# Max 5000



## 2blackdogs (Apr 28, 2003)

I'm going to be orders a couple of new launchers in the next couple of weeks and have decided on the Max 5000 with the new TT release. Who has the best price right now? 

2blackdogs


----------



## roxie (Oct 23, 2003)

Etch-Marc has some nice trade-ins right now at a good price (...people trading in for the new Max 7000's). Anyway, the recon 5000's come with the same warranty as new. It's a good way to save a few bucks and yet get a "like new" product.

P.S. I sent you a PM.


----------



## GA labman (Apr 12, 2004)

roxie do they have a web address, if so could you post a link please?


----------



## lablover (Dec 17, 2003)

Don't forget: www.bumperboy.com


----------



## roxie (Oct 23, 2003)

GA labman said:


> roxie do they have a web address, if so could you post a link please?


 www.etch-marc.com


----------



## Jay Dufour (Jan 19, 2003)

*Max*

Hi...Just got rid of three......they were two years old.

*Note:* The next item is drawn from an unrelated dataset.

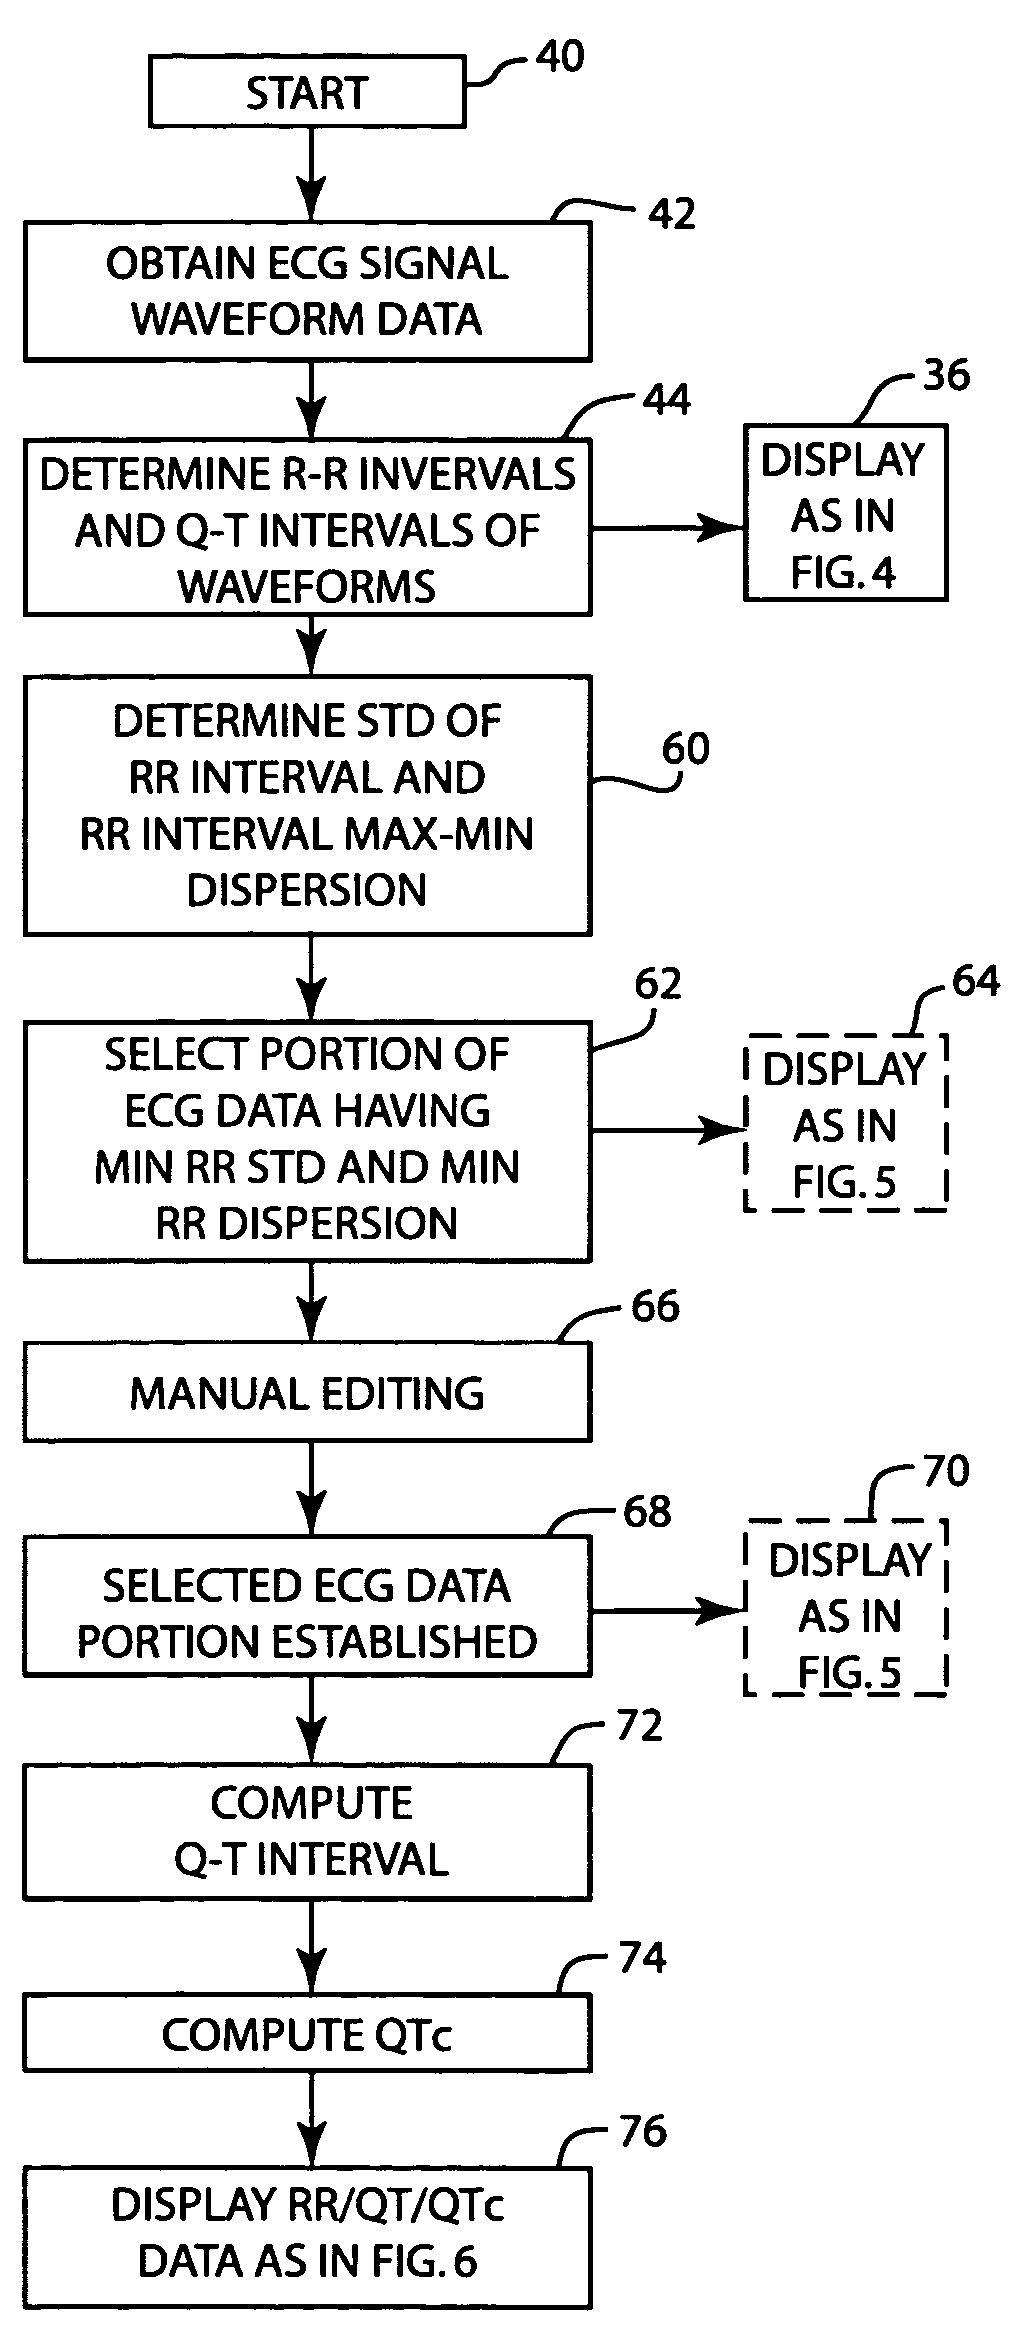 Method and apparatus for analyzing and editing ECG morphology and time series

They were constantly out of timing......inconsistant.....and cost 180.00 each to send them for service.They are a good idea...but not robust enough. I carried them in strong plastic crates with rubber matts in the bottom. They will probably be OK for an amateur. I think the steel nuts that hold the barrel on ,which are knurled,eat into the soft aluminum and start to loose thier grip,which allows them to get out of timing.When you set the timing again ,the aluminum is eaten up ....if you tighten it too much...it wont turn. If you call them...they suggest you send it in.....thats where the 180.00 comes in. Its 40$ one way to Canada from here! Good Luck


----------



## GA labman (Apr 12, 2004)

I dont like the sound of that.


----------